MATERIAL PROVIDED:
■ ■ ■

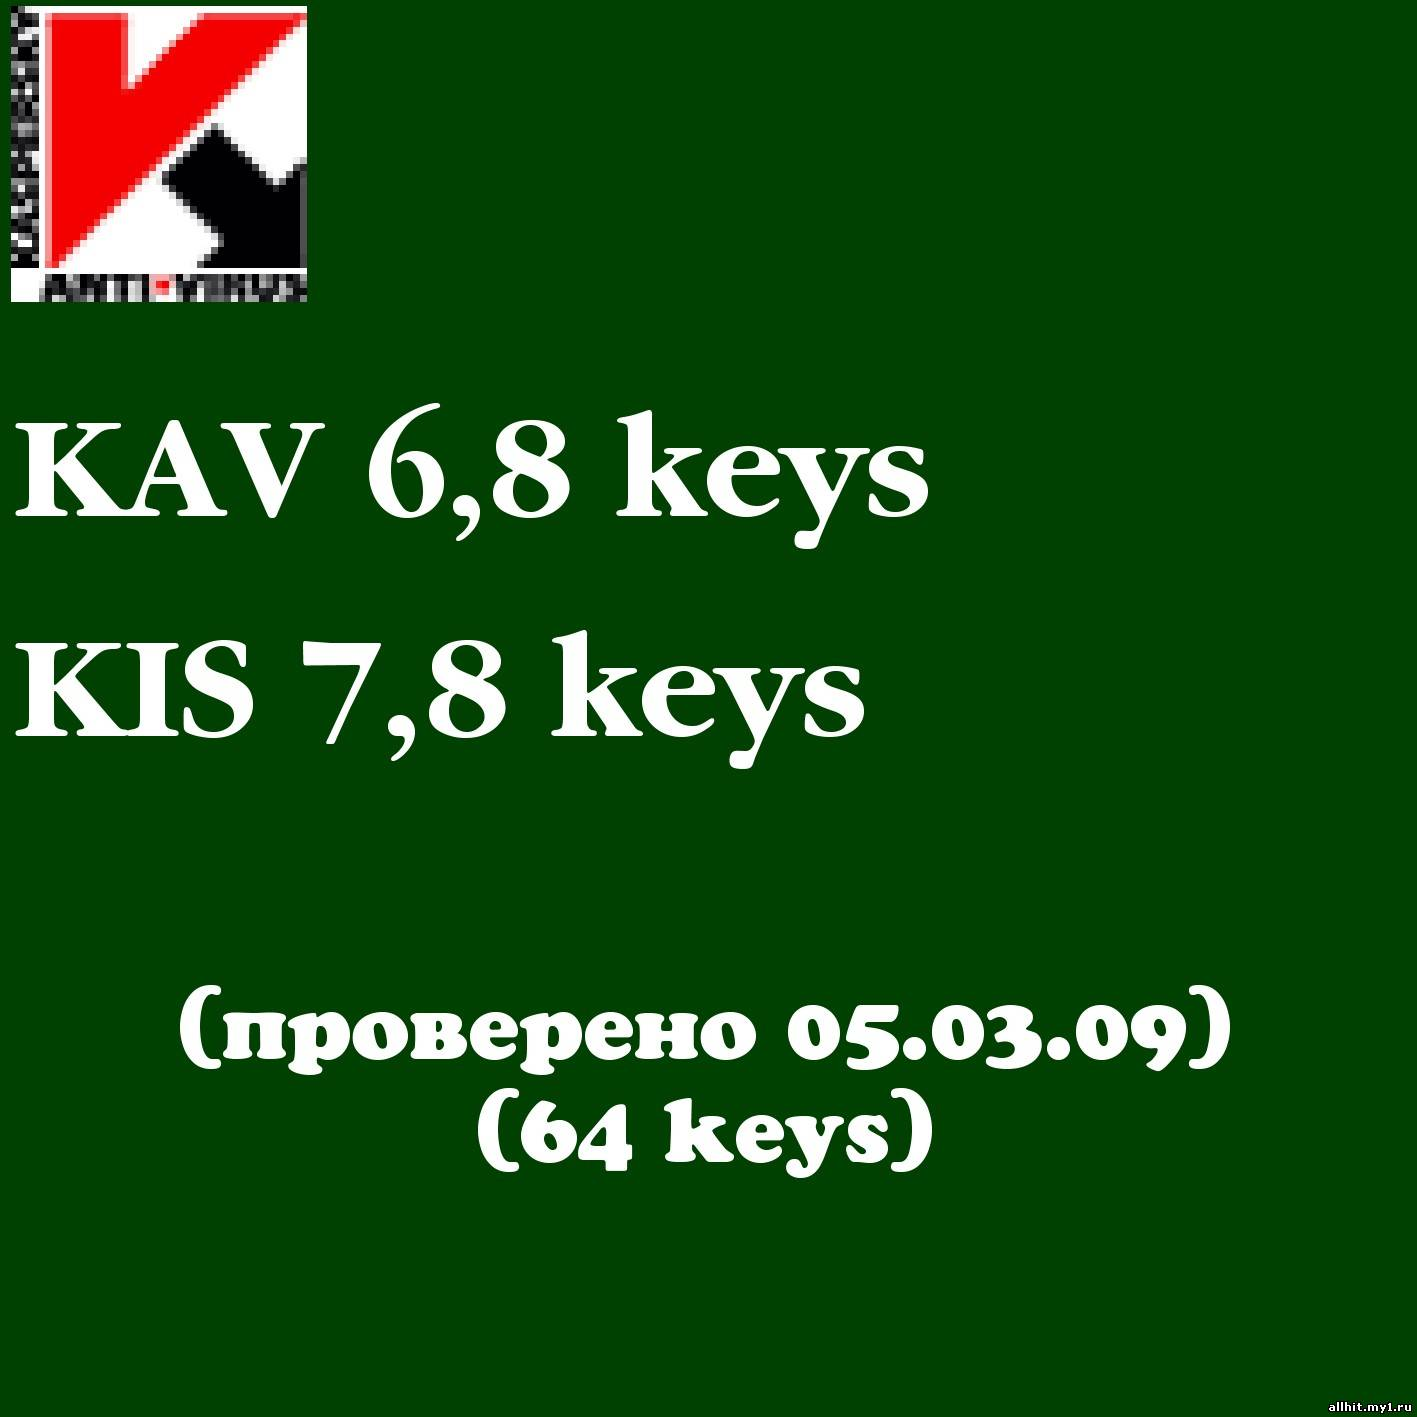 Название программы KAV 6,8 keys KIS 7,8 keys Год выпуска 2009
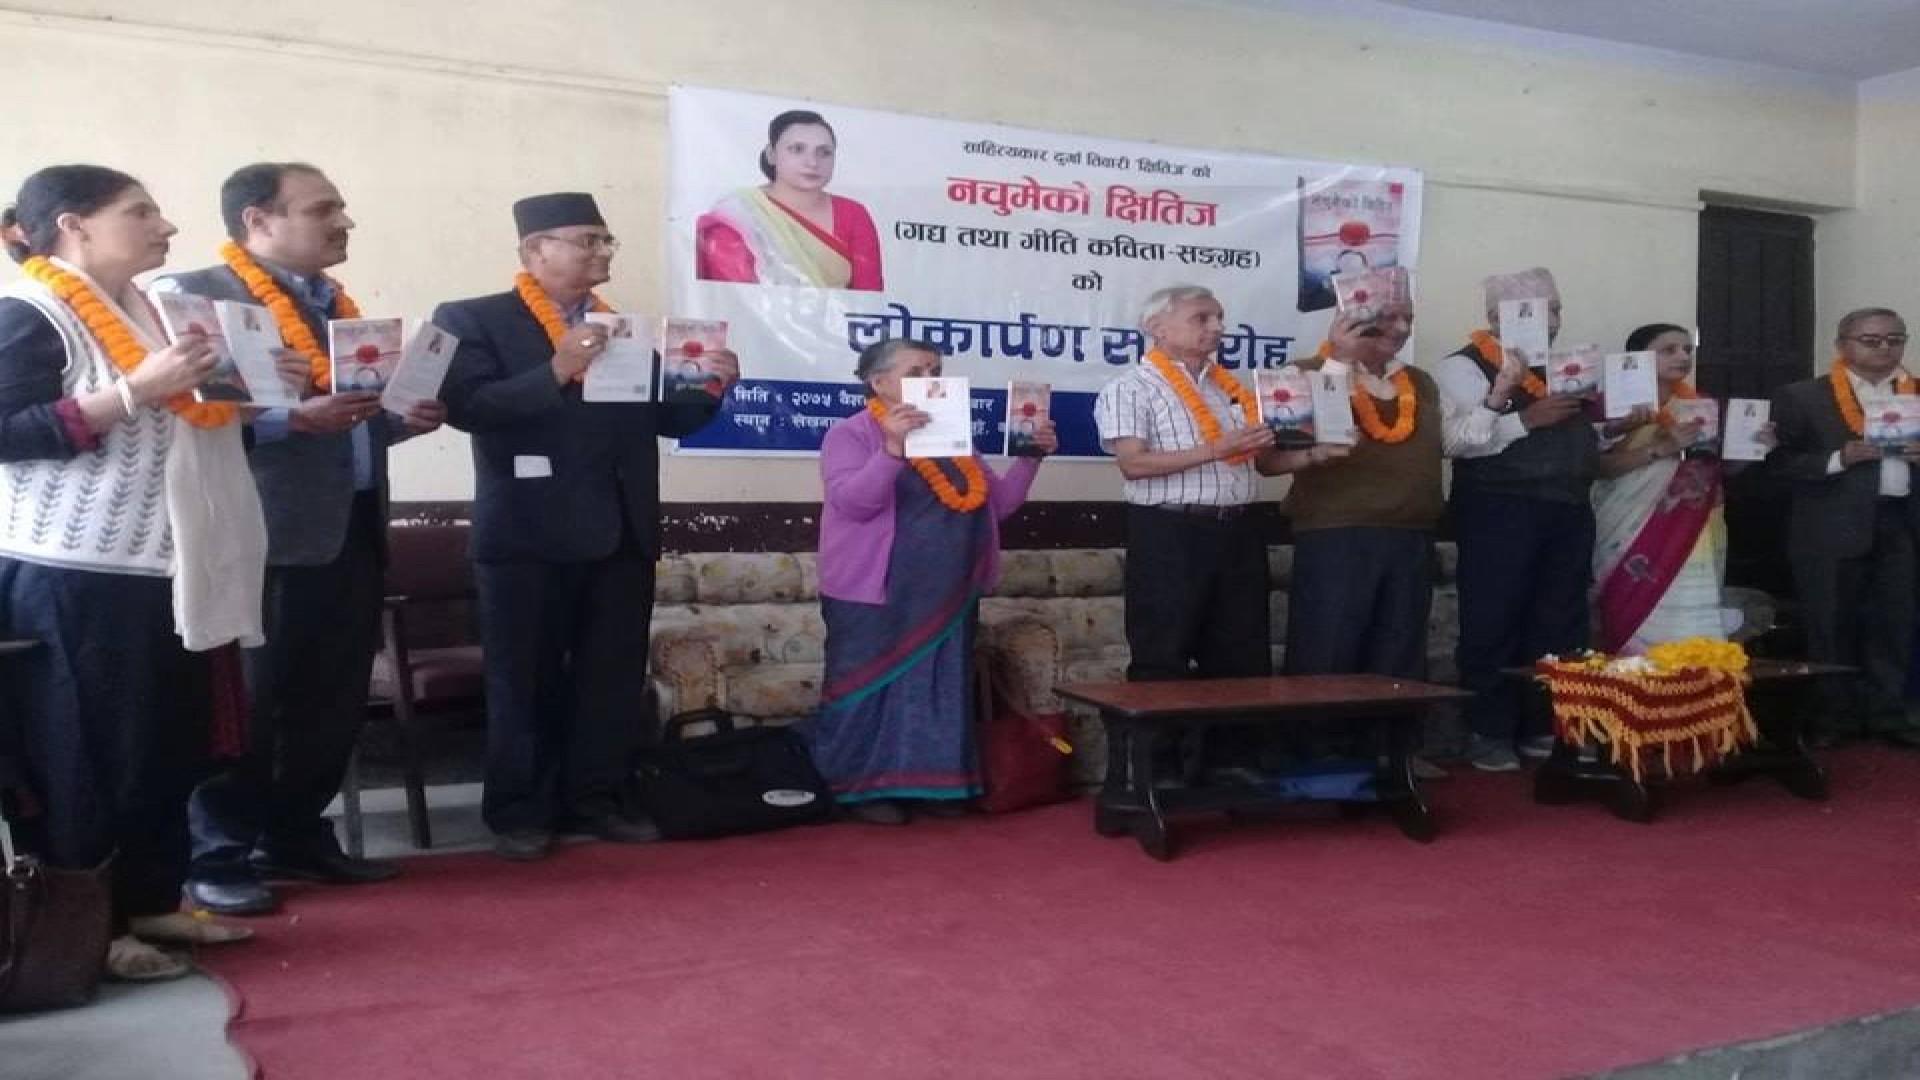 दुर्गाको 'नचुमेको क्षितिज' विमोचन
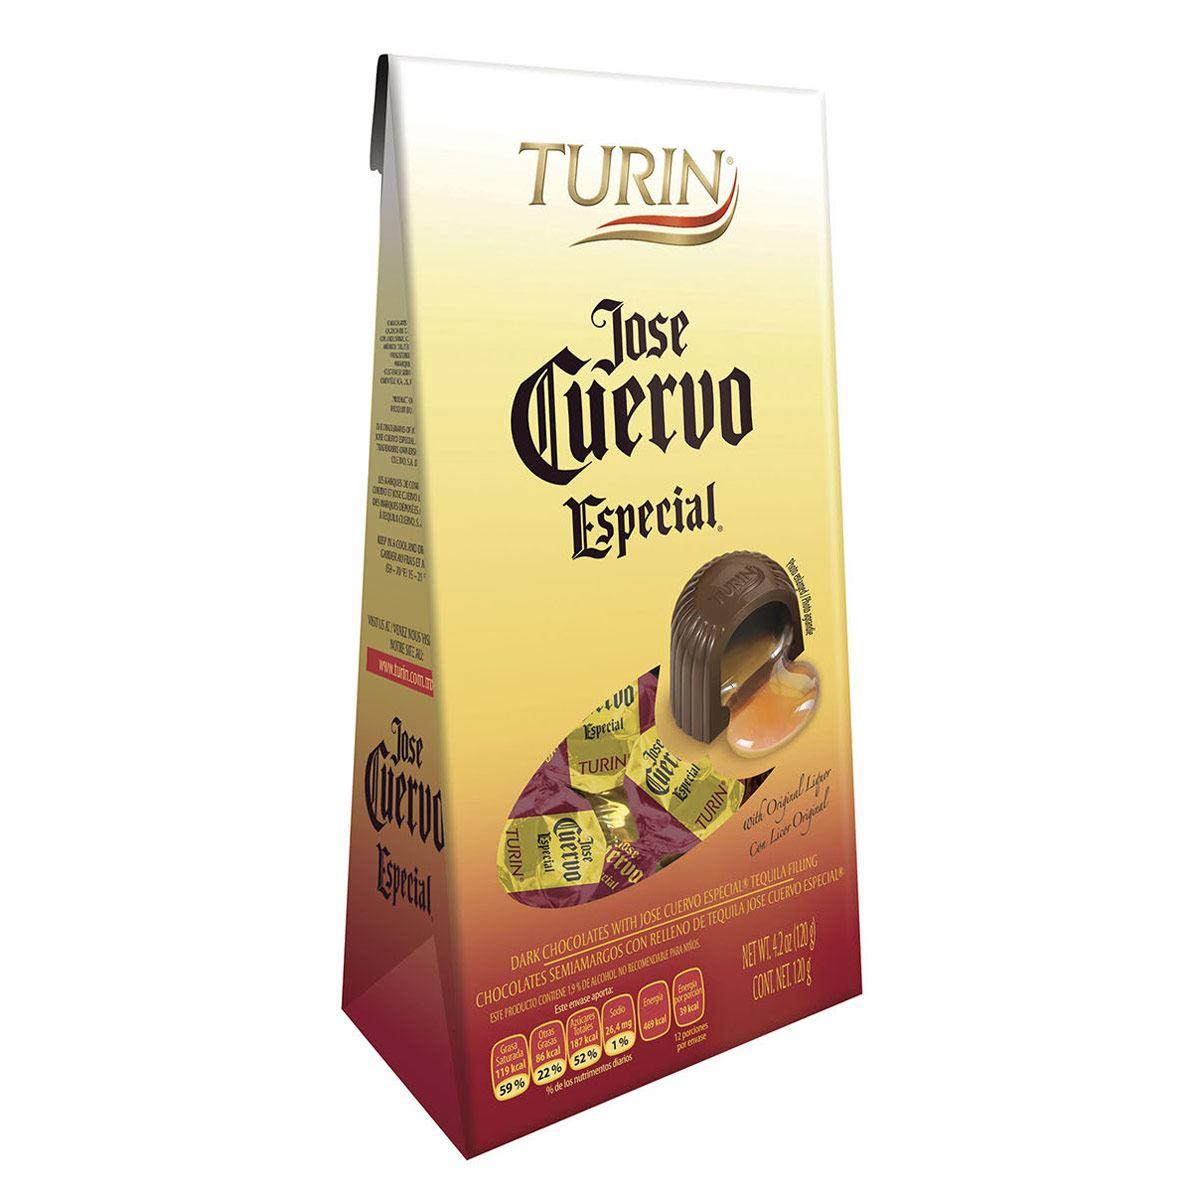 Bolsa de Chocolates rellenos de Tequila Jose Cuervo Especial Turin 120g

■ ■ ■

WHAT NEEDS TO BE DONE: Could you output the listing word for word, omitting every picture?

RESULT OF THE EXERCISE:
 Название программы KAV 6,8 keys KIS 7,8 keys Год выпуска 2009
 दुर्गाको 'नचुमेको क्षितिज' विमोचन
 Bolsa de Chocolates rellenos de Tequila Jose Cuervo Especial Turin 120g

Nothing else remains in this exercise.